With my fourth child in 2024, I finally had five months of leave—but was blindsided to learn the last three weeks were unpaid. I only realized when my paycheck never arrived. I had already spent money Christmas shopping, fully expecting my normal pay. That financial shock meant I had to return to work early, on Christmas Eve, which was heartbreaking. That stress never should have happened.

The difference between my first three children and my fourth is night and day. My youngest has never been in daycare, and I’ve been able to breastfeed and bond the way I always wanted to. No parent should have to rely on privilege or luck to get what should be standard: time, space, and support.

A Model for Systemic Change: What Human Milk Banks Can—and Should—Be

As an advocate, I’m not proposing that I alone build a milk bank empire. I’m calling for healthcare systems, policymakers, and milk banks everywhere to rethink what’s possible. Milk banks should not just serve hospitals. They must expand to serve community families facing supply issues, adoption, surrogacy, early return to work, or medical complications.

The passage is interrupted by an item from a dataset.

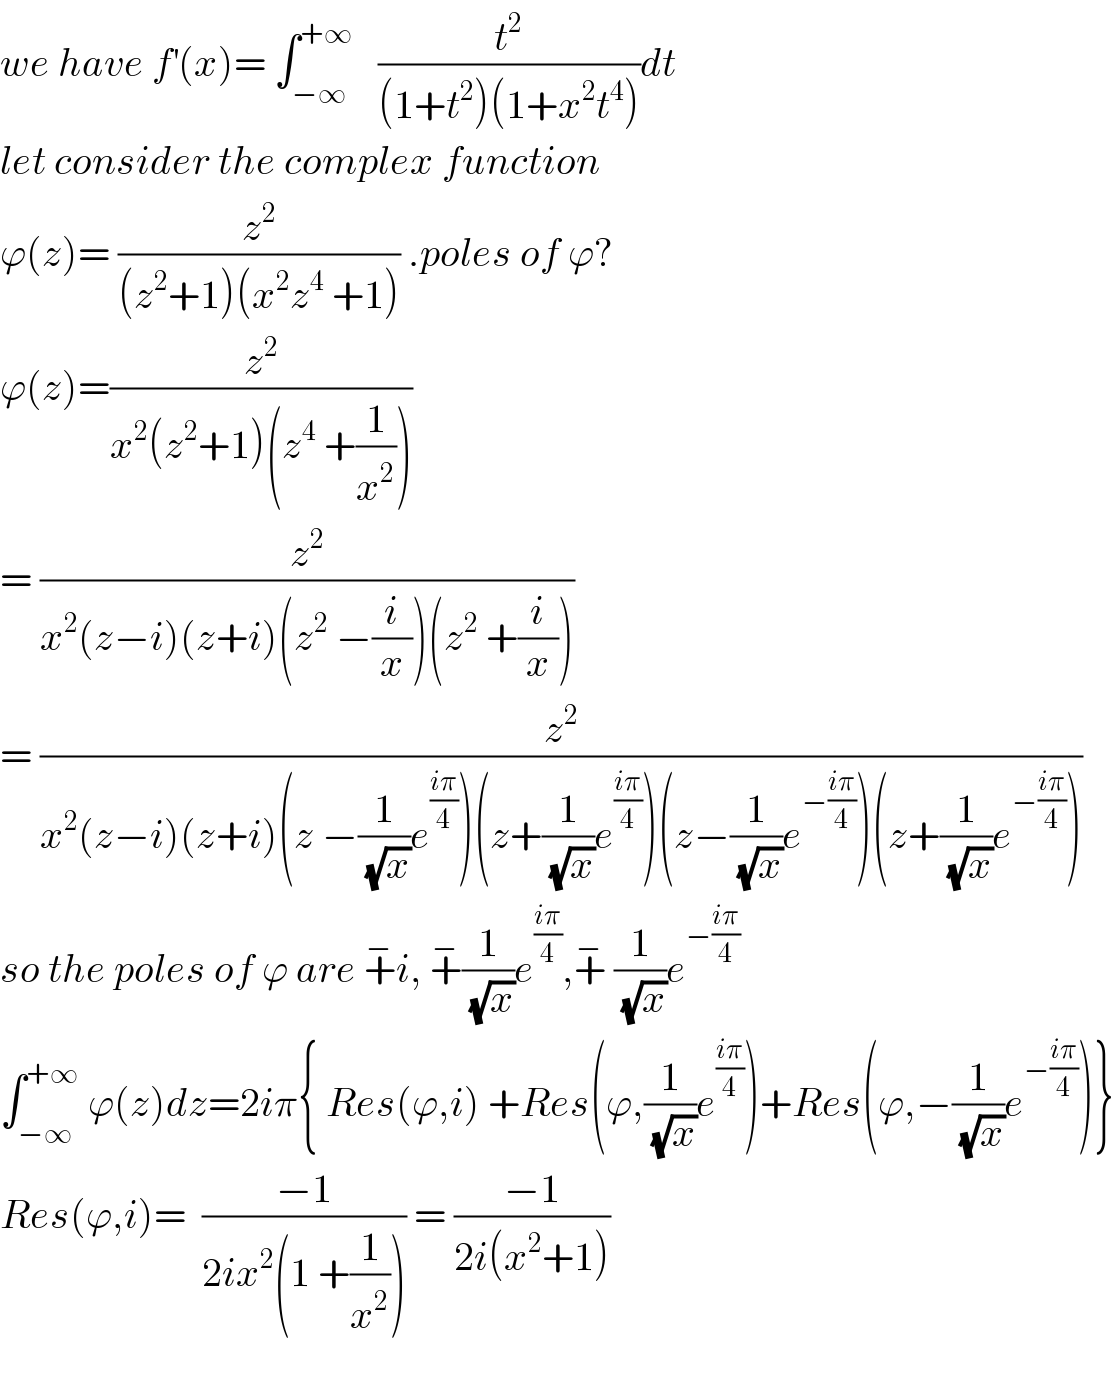 we have f^′ (x)= ∫_(−∞) ^(+∞)    (t^2 /((1+t^2 )(1+x^2 t^4 )))dt  let consider the complex function  ϕ(z)= (z^2 /((z^2 +1)(x^2 z^4  +1))) .poles of ϕ?  ϕ(z)=(z^2 /(x^2 (z^2 +1)(z^4  +(1/x^2 ))))   = (z^2 /(x^2 (z−i)(z+i)(z^2  −(i/x))(z^2  +(i/x))))  = (z^2 /(x^2 (z−i)(z+i)(z −(1/(√x))e^((iπ)/4) )(z+(1/(√x))e^((iπ)/4) )(z−(1/(√x))e^(−((iπ)/4)) )(z+(1/(√x))e^(−((iπ)/4)) )))  so the poles of ϕ are +^− i, +^− (1/(√x))e^((iπ)/4) ,+^−  (1/(√x))e^(−((iπ)/4))   ∫_(−∞) ^(+∞)  ϕ(z)dz=2iπ{ Res(ϕ,i) +Res(ϕ,(1/(√x))e^((iπ)/4) )+Res(ϕ,−(1/(√x))e^(−((iπ)/4)) )}  Res(ϕ,i)=  ((−1)/(2ix^2 (1 +(1/x^2 )))) = ((−1)/(2i(x^2 +1)))

We must also compensate milk donors fairly. Donors often get pennies per ounce while banks charge up to $16 per ounce. Community milk banks should pay and support donor parents, offer milestone incentives, and allow postpartum parents to supplement their income and extend time at home with their babies.

Imagine:

  • Sliding-scale pricing for low-income families
  • Corporate partnerships and nonprofit aid
  • Donor recognition and retention programs
  • Registry and gift program integration
  • Expansion into humanitarian and disaster relief aid

I also envision a world where manufactured formulas—modified cow’s milk, goat’s milk, plant-based, or synthetic—are not automatically the first recommendation. Breastfeeding should be prioritized, and safe donor milk should be available as the second-best option for parents who cannot nurse. Human milk should be universally accessible—not marketed as a premium product only a few can afford.

This vision isn’t exclusive to me or any one organization. It’s a blueprint I hope many milk banks and healthcare systems will adopt.

What I’ve Learned Through This Work

This project started as part of my Gender Women’s Studies coursework. What began as an academic assignment quickly became something much deeper—a true passion and personal mission to incorporate action into my advocacy. It opened my eyes to how interconnected everything I care about is: maternal health, child health, health equity, policy reform, education access, science communication, and breaking down barriers for underrepresented voices in every space I’m part of.

Throughout this journey, I’ve often thought of my patron saint, Saint Monica. She exemplifies so many of the qualities I strive to embody: persistence without aggression, strength with humility, and a patient but unrelenting belief in the possibility of change. Saint Monica showed what it means to disarm opposition not by overpowering, but by standing firm with grace and calm wisdom. Her legacy inspires me to be that steady voice of reason that refuses to give up.

I’ve learned to embrace the value of persistence over perfection. Activism and advocacy are not tidy or linear. They are hard and often exhausting. I balance family, school, work, creative passions, and this growing movement I’m building. There is no perfect time to act. So I’ve stopped waiting for perfection and instead committed to keep pushing forward.

I will keep pushing for policy change. I will keep showing up. I will keep having conversations. I will keep working toward a future where equity is no longer an afterthought—whether that’s lactation equity, paid family leave, science understanding, education access, reproductive justice, environmental justice, or any of the other causes I’m passionate about. I know I won’t solve everything at once, but I also know I’m building something bigger than myself. That’s the legacy I want to live into.

What You Can Do Right Now

  • Talk about breastfeeding equity
  • Advocate for paid parental leave
  • Share facts about human milk and milk banking
  • Support breastfeeding and pumping parents around you
  • Follow @ScienceWithSabrina and join the conversation

We can—and must—build a future where a parent’s ability to nourish their child isn’t determined by race, zip code, or income. We can do better. Together, we will.